#### [Exercise data]

.....

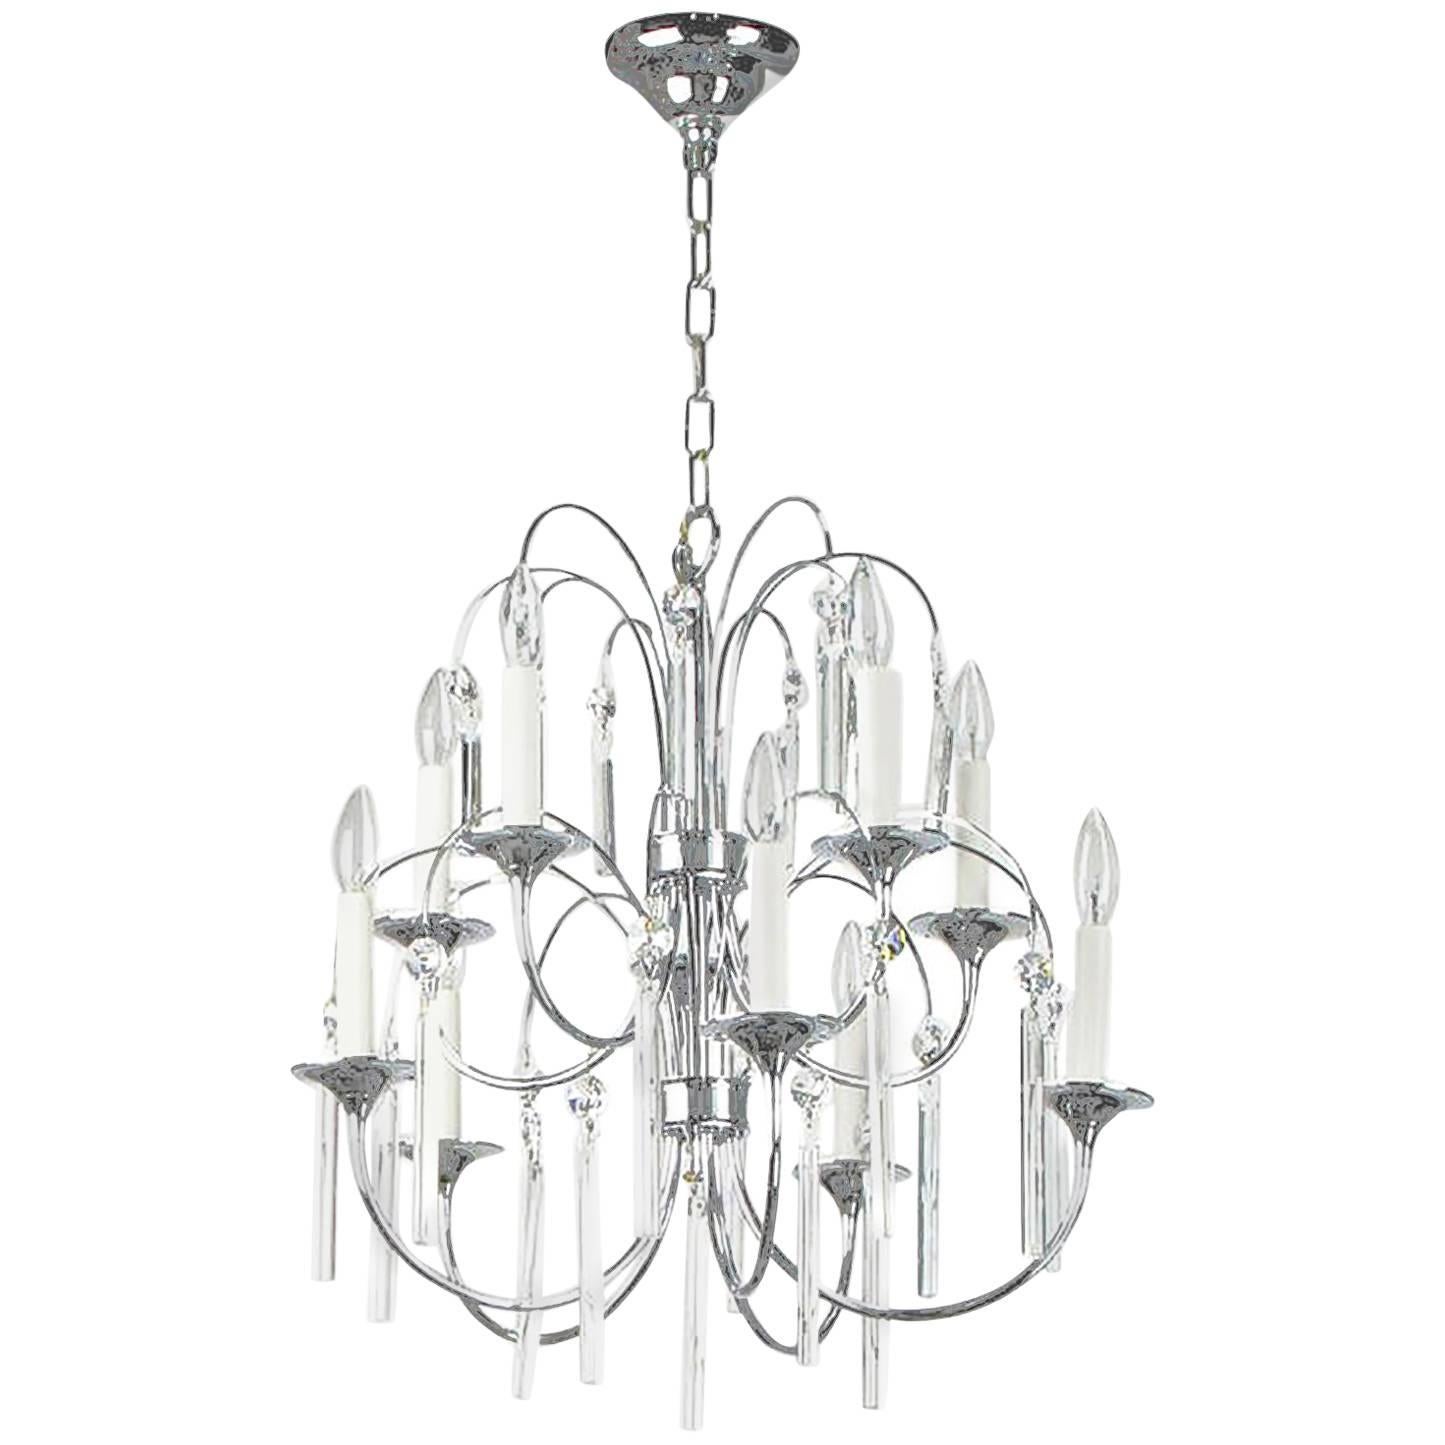 Italian Chrome and Crystal Ten-Arm Waterfall Chandelier For Sale
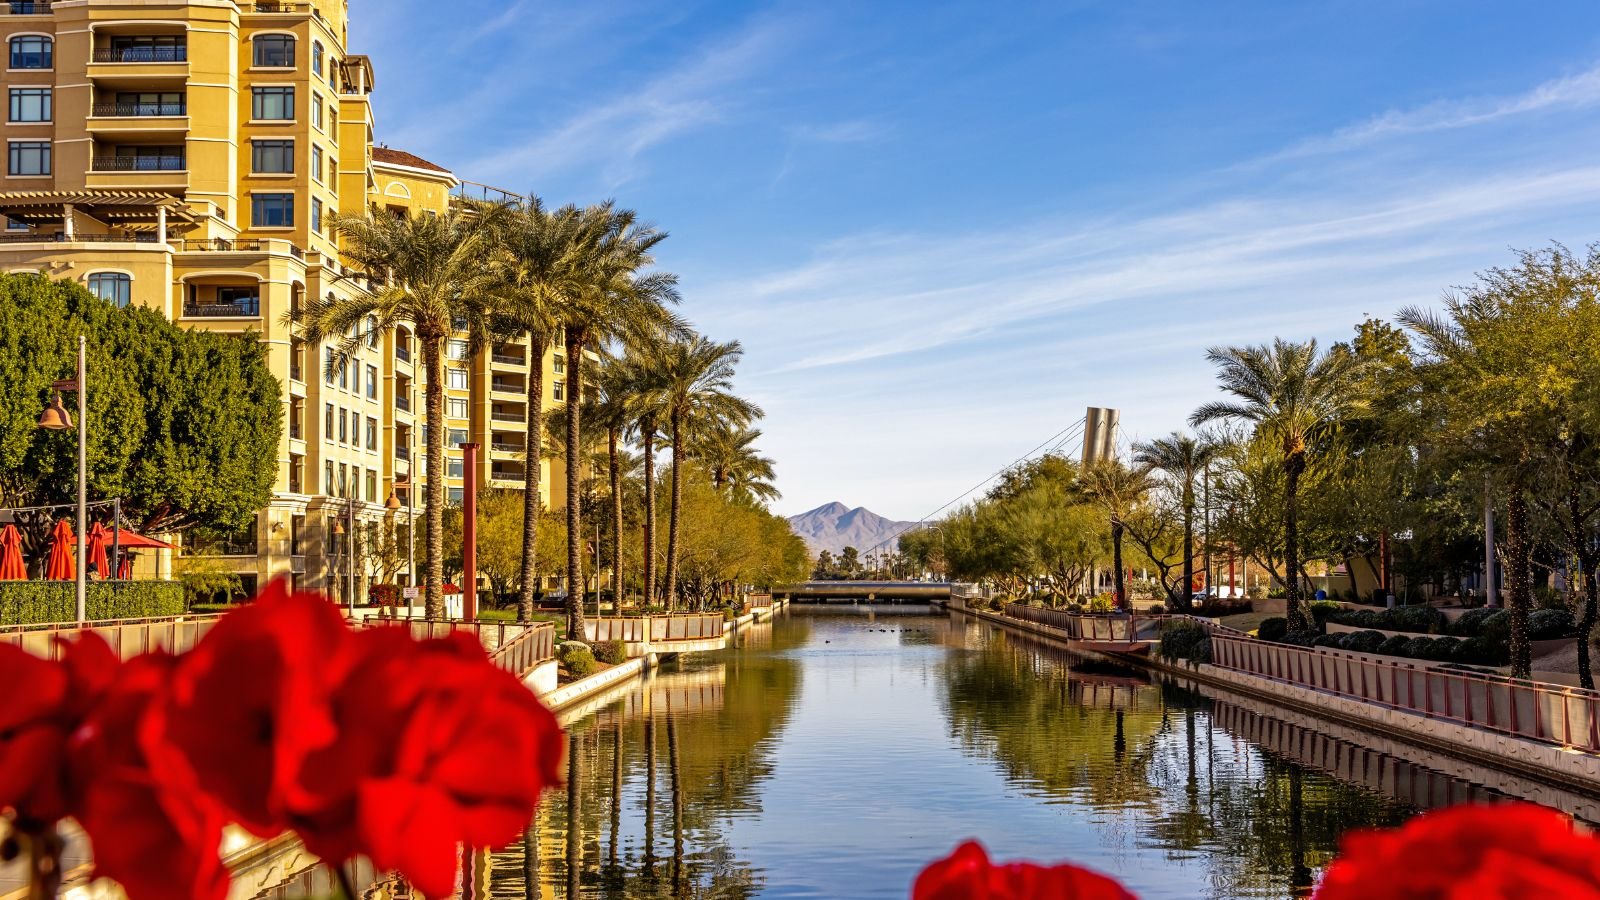 <p><a href="https://www.pods.com/blog/moving-scottsdale-az" rel="noopener">Scottsdale has 300 days of sunshine</a>. It dazzles seniors with its beautiful Sonoran Desert setting, luxury resorts, spas, galleries, and restaurants. The McDowell Mountains provide a scenic backdrop for hiking. You can relax at an evening concert or event.</p>
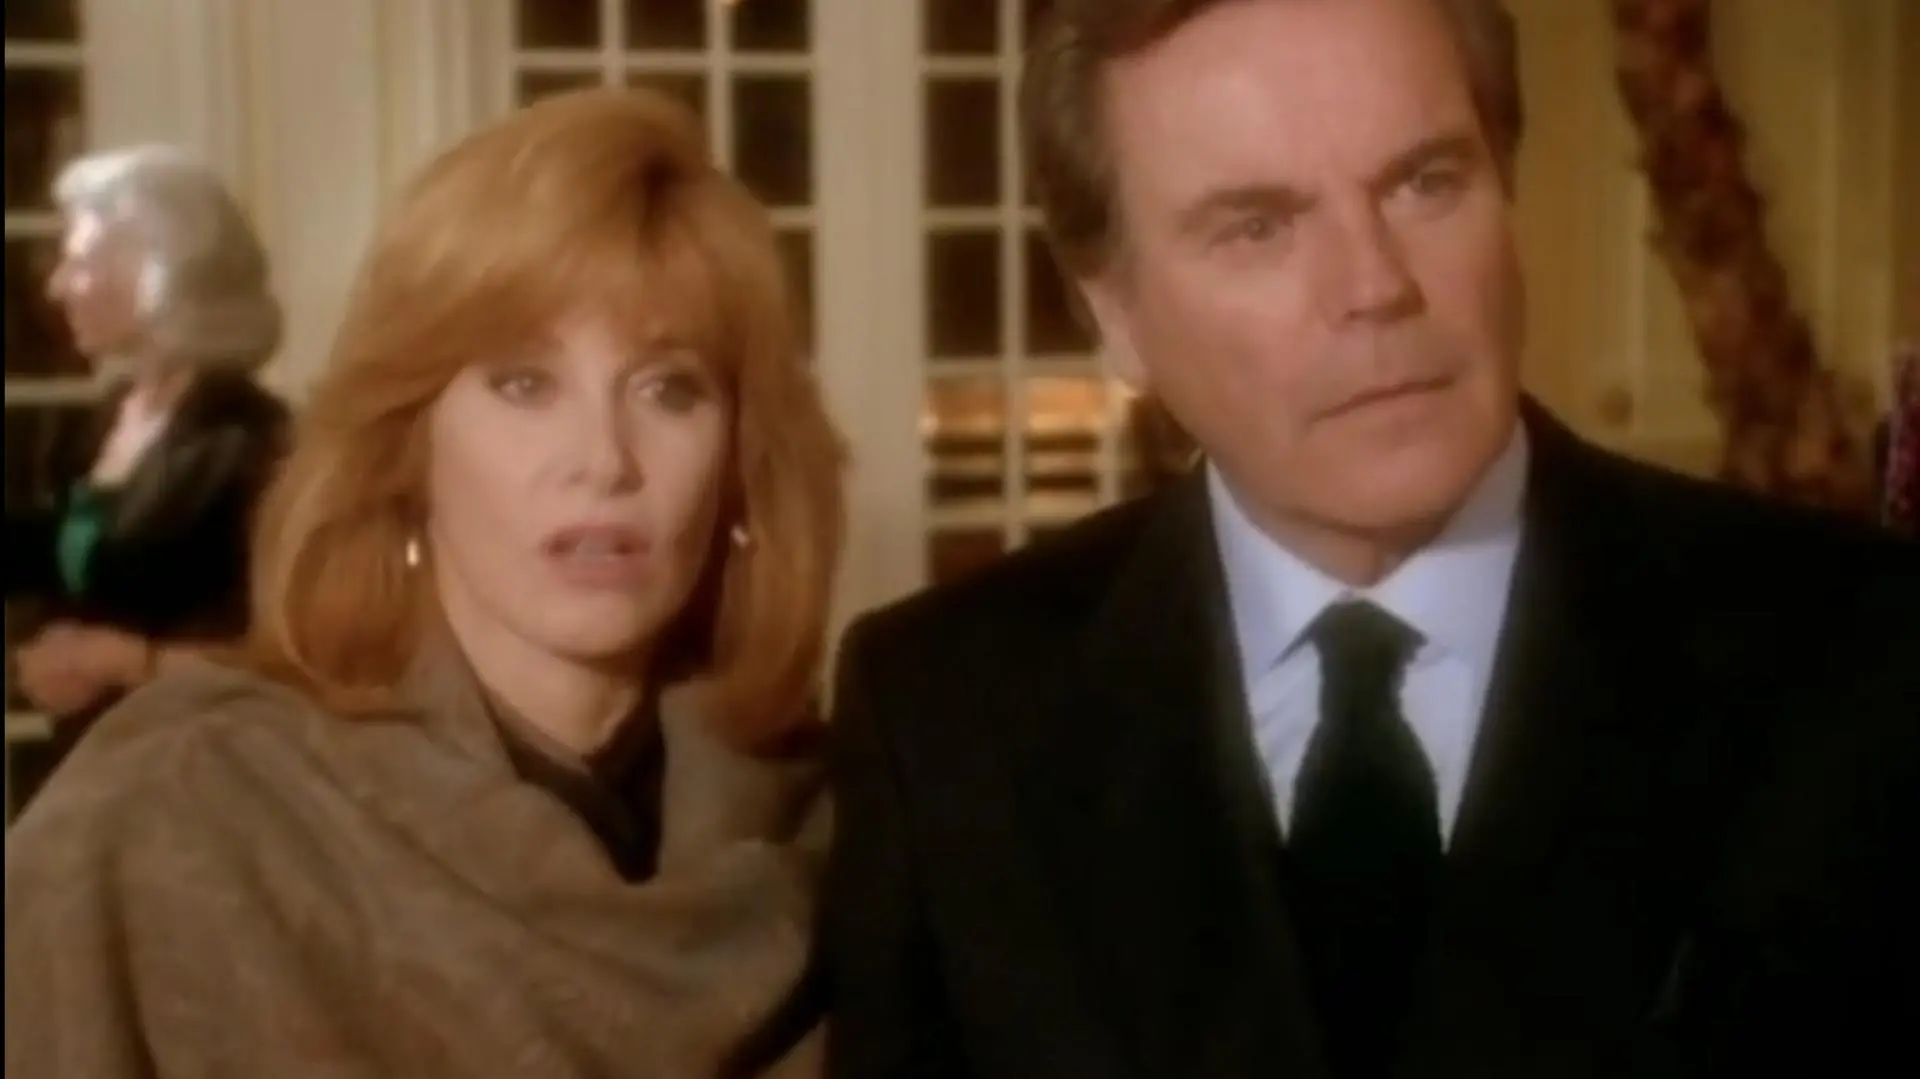 Hart to Hart: Two Harts in 3/4 Time_peliplat

.....

#### [Work instruction]
Restate every line above exactly, omitting images.

#### [Completed task]
 Italian Chrome and Crystal Ten-Arm Waterfall Chandelier For Sale
 <p><a href="https://www.pods.com/blog/moving-scottsdale-az" rel="noopener">Scottsdale has 300 days of sunshine</a>. It dazzles seniors with its beautiful Sonoran Desert setting, luxury resorts, spas, galleries, and restaurants. The McDowell Mountains provide a scenic backdrop for hiking. You can relax at an evening concert or event.</p>
 Hart to Hart: Two Harts in 3/4 Time_peliplat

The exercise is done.